# Minimum Weight Spanning Tree

The Minimum Weight Spanning Tree (MST) starts from a given node, and finds all its reachable nodes and the set of relationships that connect the nodes together with the minimum possible weight. Prim’s algorithm is one of the simplest and best-known minimum spanning tree algorithms. The K-Means variant of this algorithm can be used to detect clusters in the graph.

This algorithm is in the alpha tier. For more information on algorithm tiers, see Graph algorithms.

## 1. History and explanation

The first known algorithm for finding a minimum spanning tree was developed by the Czech scientist Otakar Borůvka in 1926, while trying to find an efficient electricity network for Moravia. Prim’s algorithm was invented by Jarnik in 1930 and rediscovered by Prim in 1957. It is similar to Dijkstra’s shortest path algorithm but, rather than minimizing the total length of a path ending at each relationship, it minimizes the length of each relationship individually. Unlike Dijkstra’s, Prim’s can tolerate negative-weight relationships.

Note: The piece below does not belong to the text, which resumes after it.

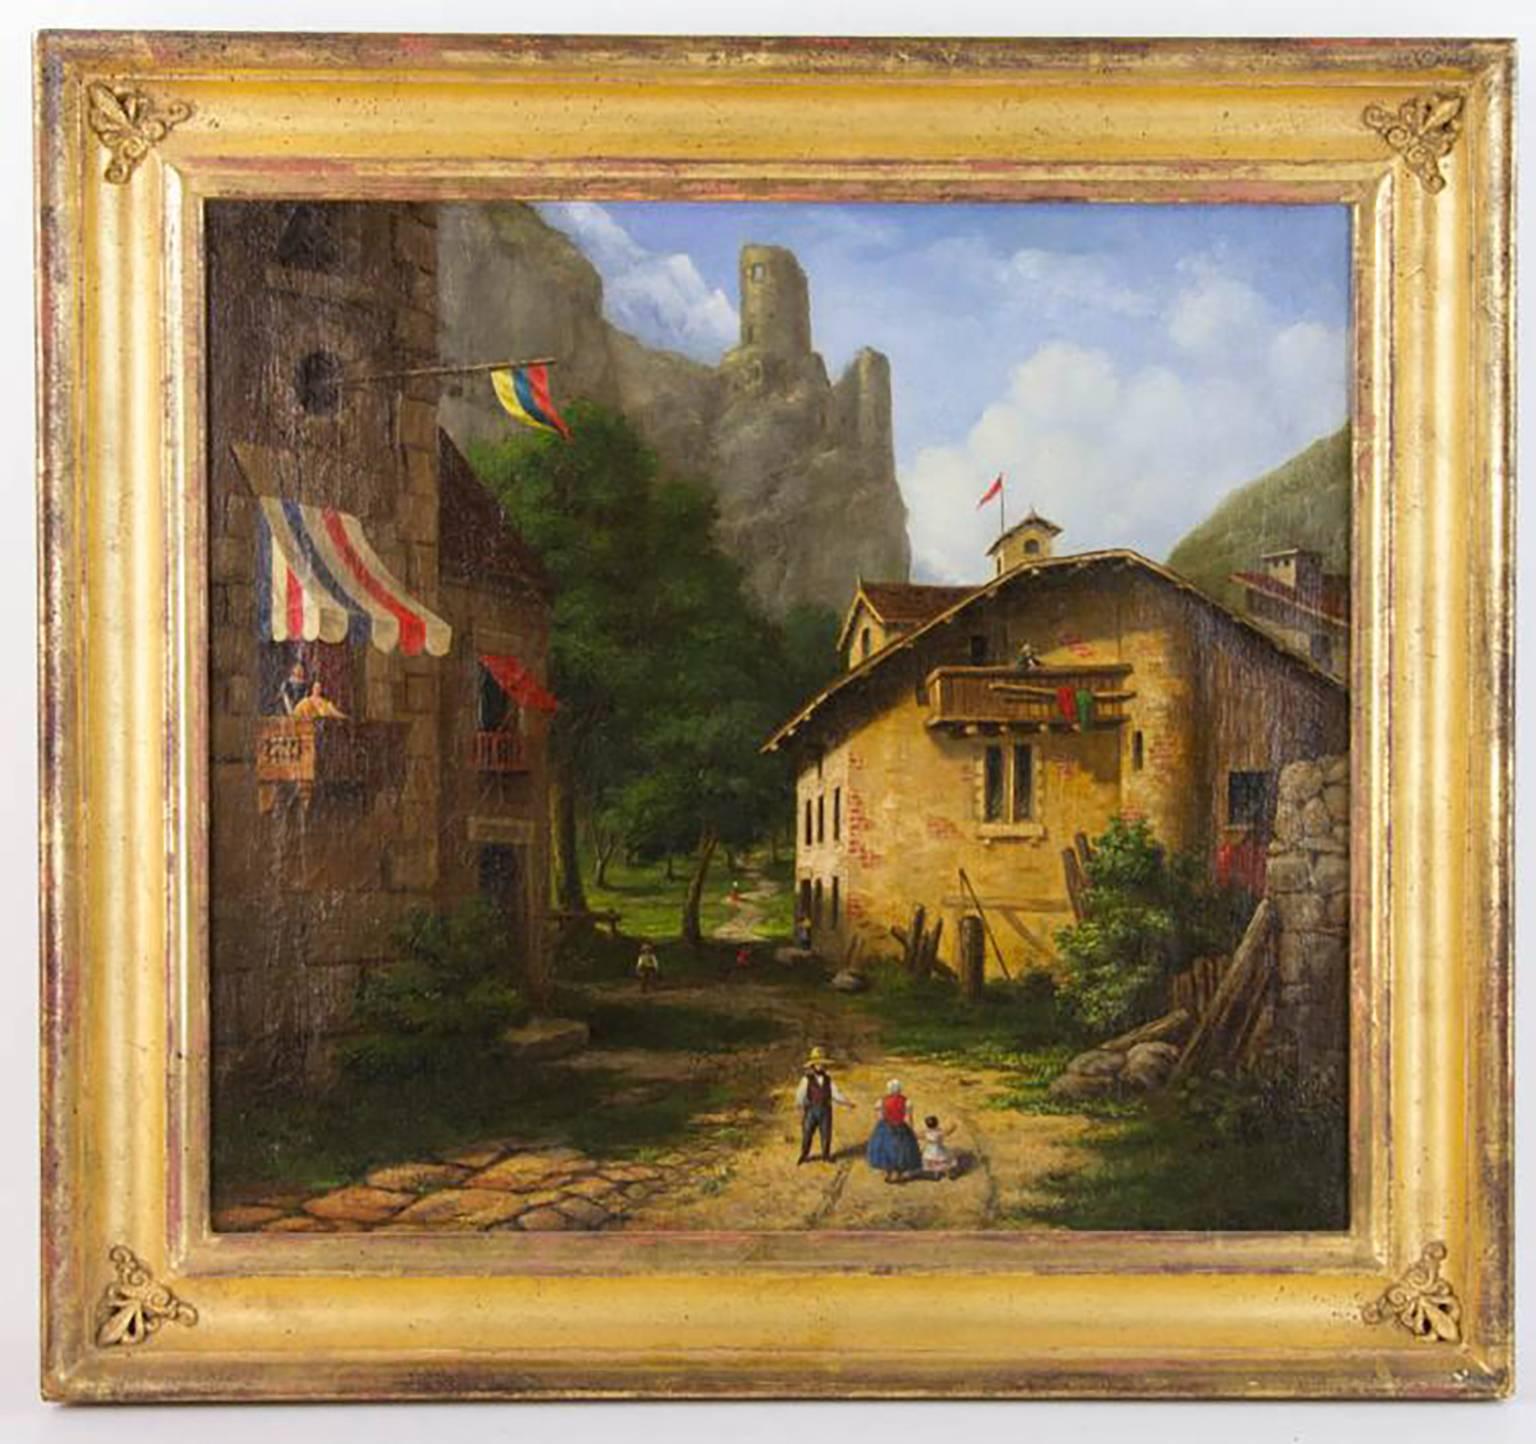 Samuel Kilburn Oil Painting Entitled “Armenian Village” – 1849 4

The algorithm operates as follows:

• Start with a tree containing only one node (and no relationships).

• Select the minimal-weight relationship coming from that node, and add it to our tree.

• Repeatedly choose a minimal-weight relationship that joins any node in the tree to one that is not in the tree, adding the new relationship and node to our tree.

• When there are no more nodes to add, the tree we have built is a minimum spanning tree.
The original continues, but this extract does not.